To do: Below is a listing to repeat exactly, with its pictures left out.
Data records below:
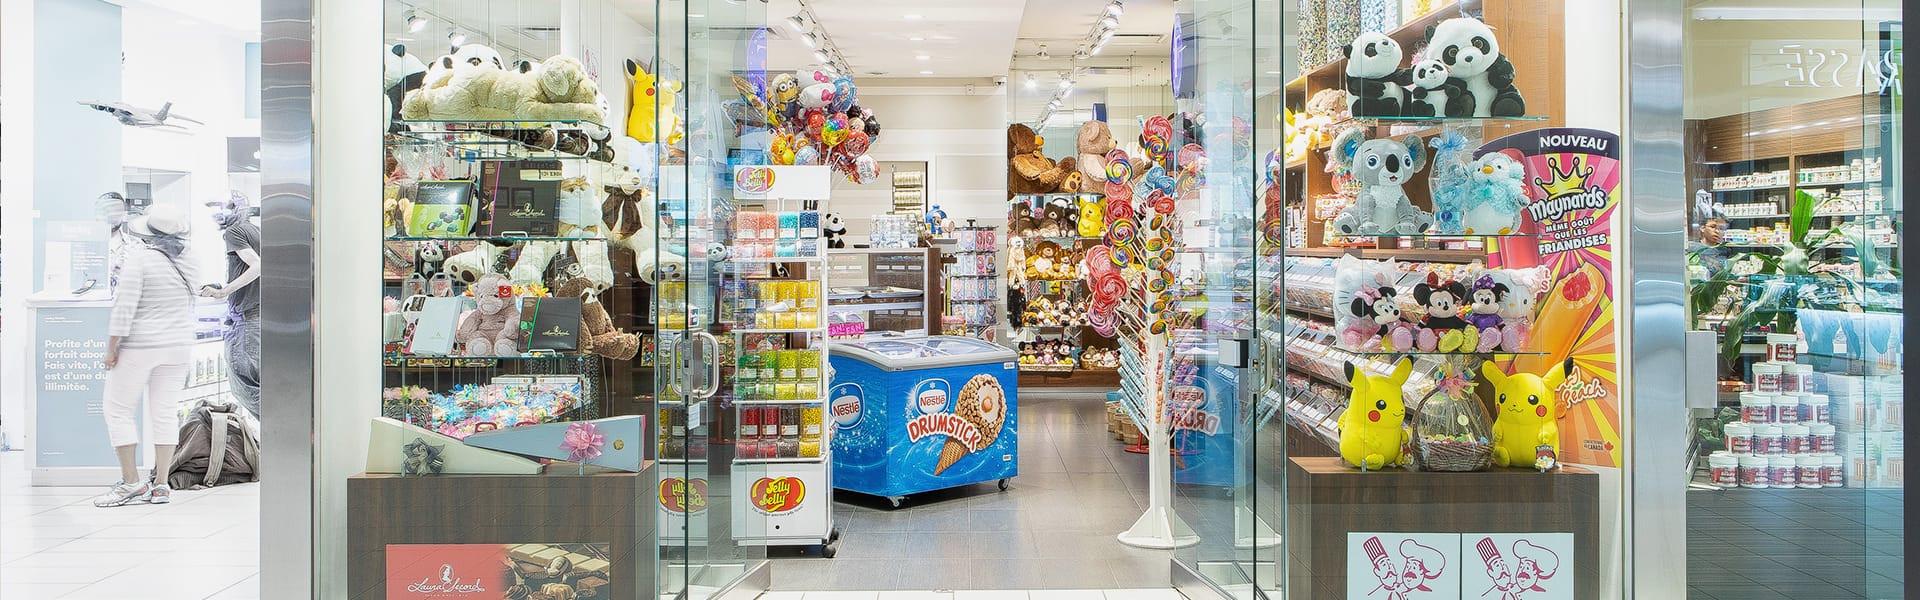 La Confiserie Sweet Factory - Alexis Nihon
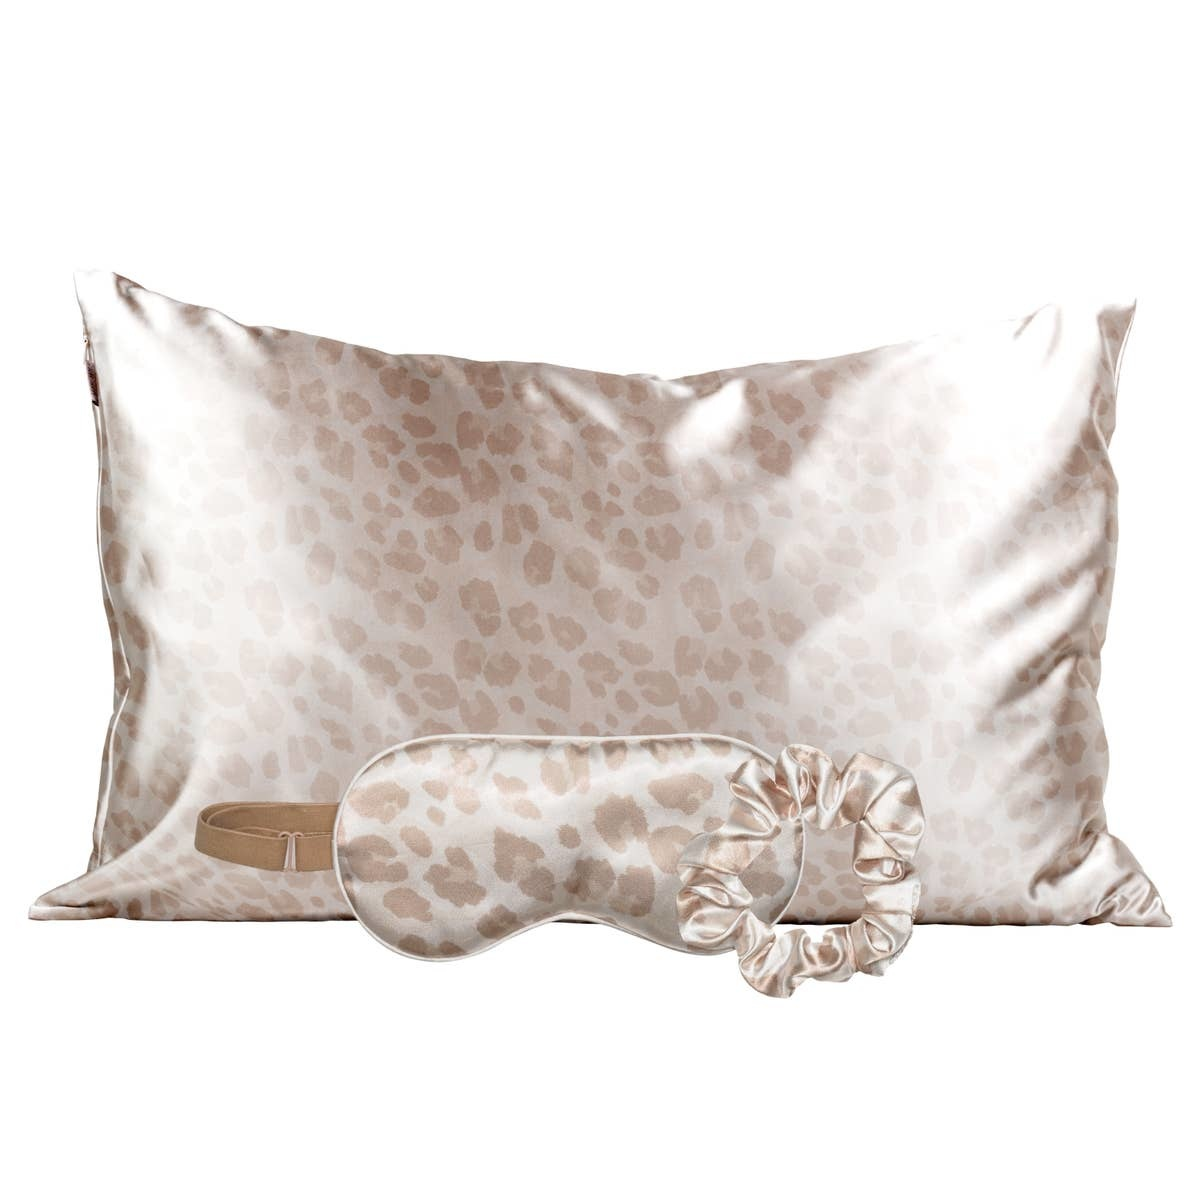 Leopard Satin Sleep Set
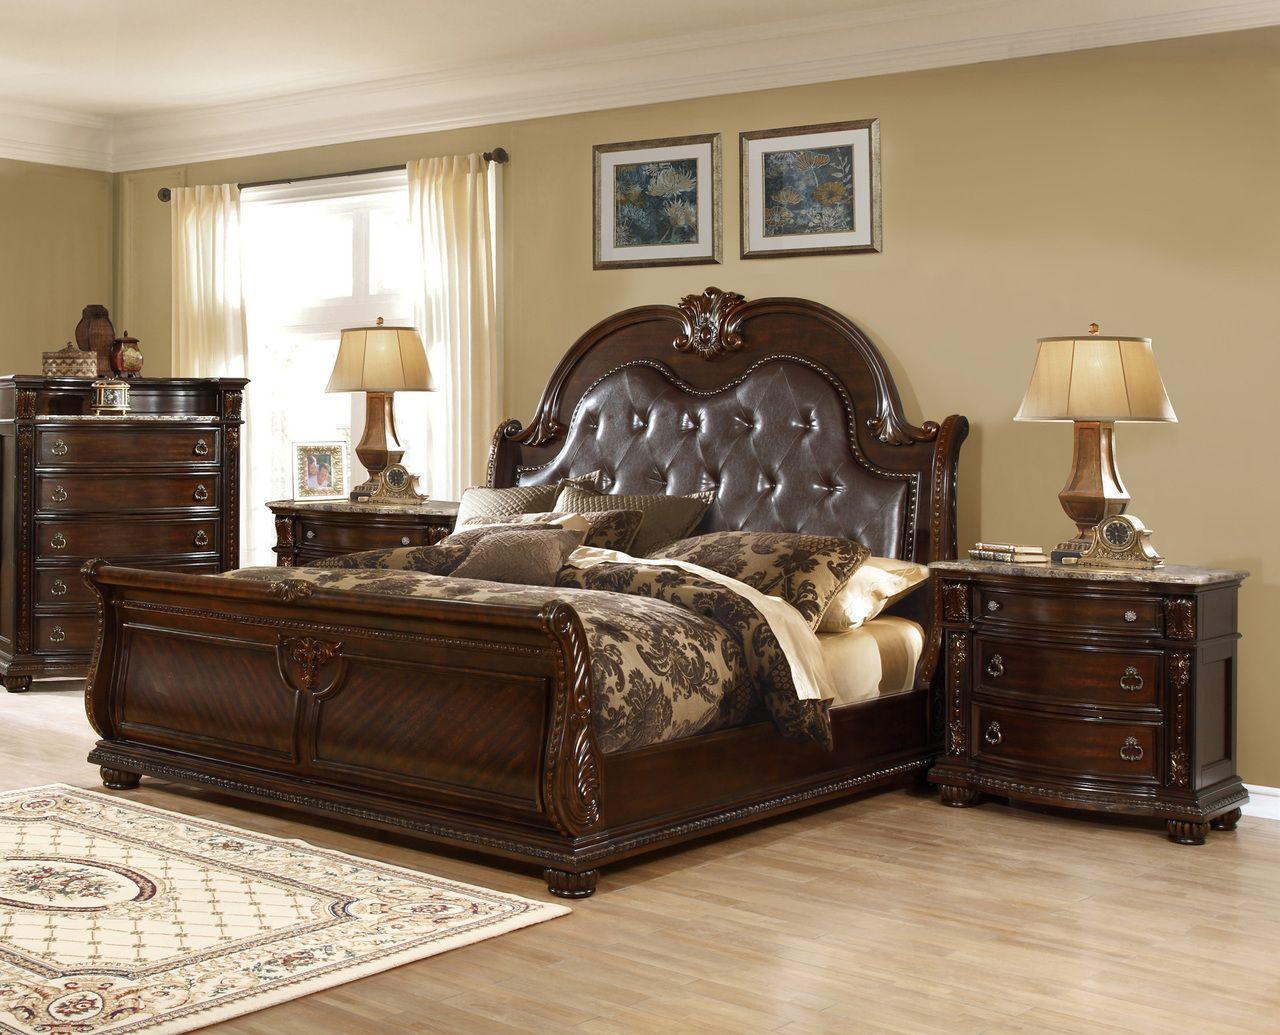 Amesville 4 Pc Walnut Brown Sleigh Bedroom Set Tuscan Bedroom Bedroom Set Sleigh Bedroom Set
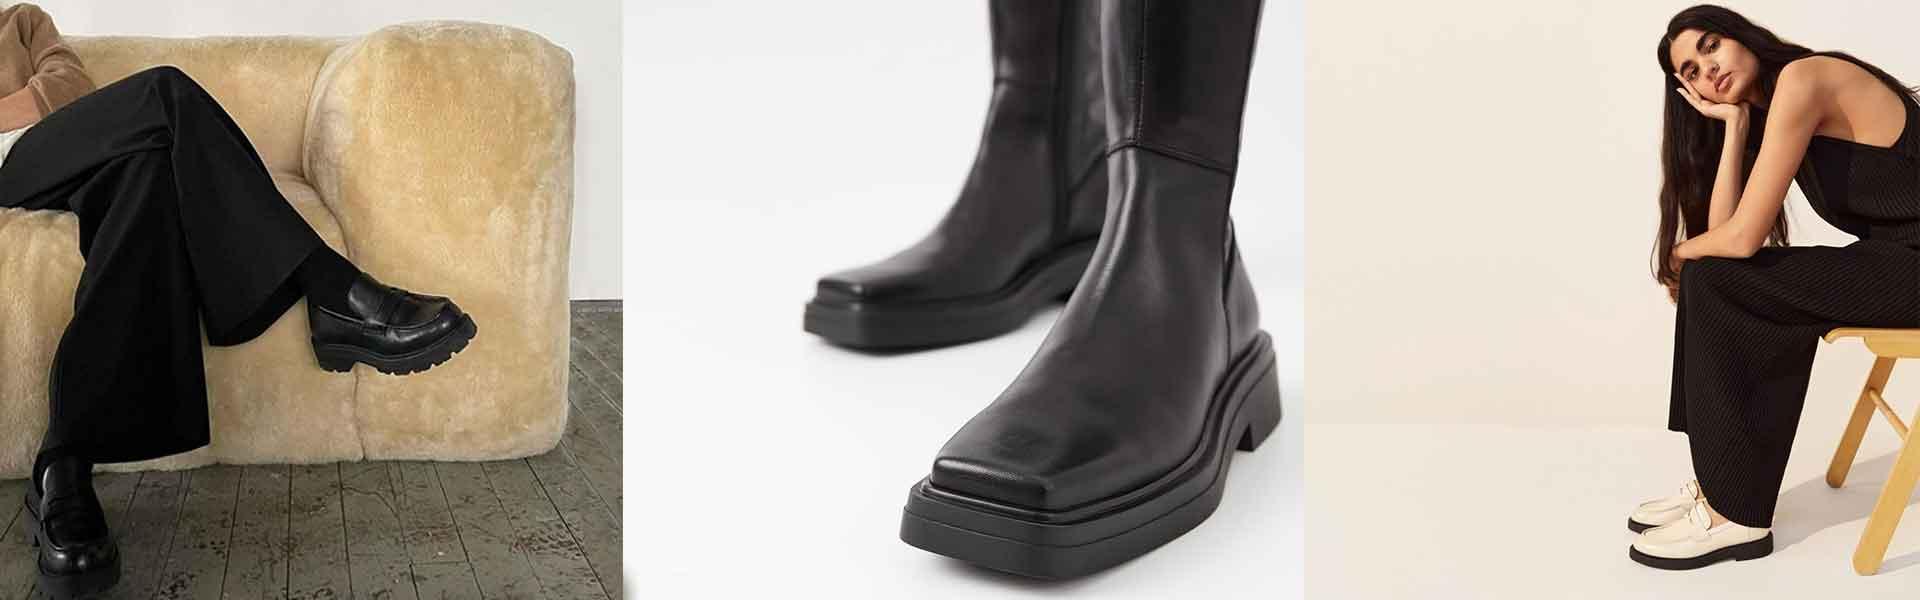 schoenen Vagabond
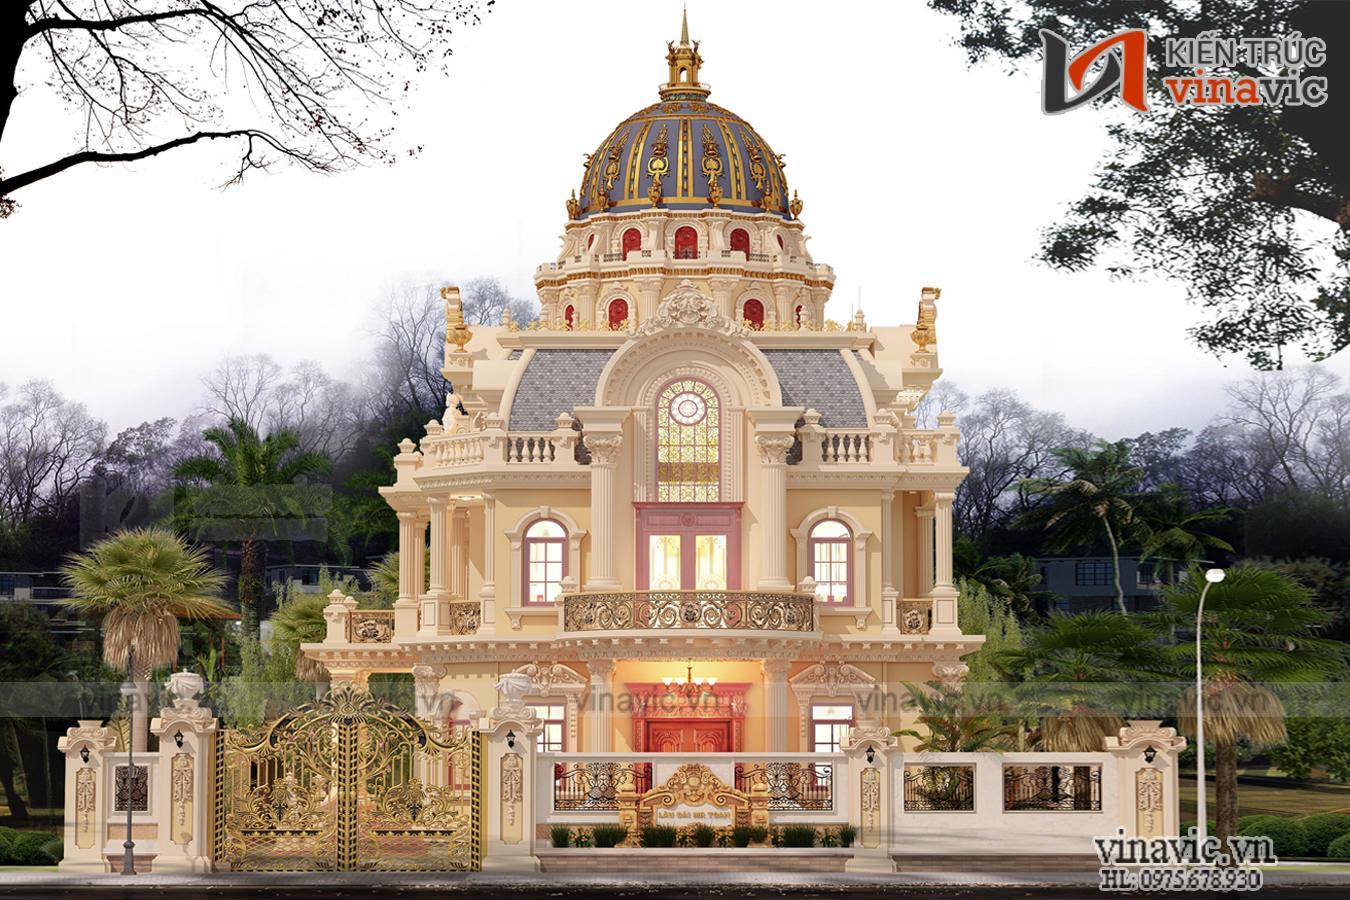 Thiết kế Cung Điện Mùa Đông thiên đường mơ ước của cuộc sống LDDT1908
End of Data records.
Answer section:
 La Confiserie Sweet Factory - Alexis Nihon
 Leopard Satin Sleep Set
 Amesville 4 Pc Walnut Brown Sleigh Bedroom Set Tuscan Bedroom Bedroom Set Sleigh Bedroom Set
 schoenen Vagabond
 Thiết kế Cung Điện Mùa Đông thiên đường mơ ước của cuộc sống LDDT1908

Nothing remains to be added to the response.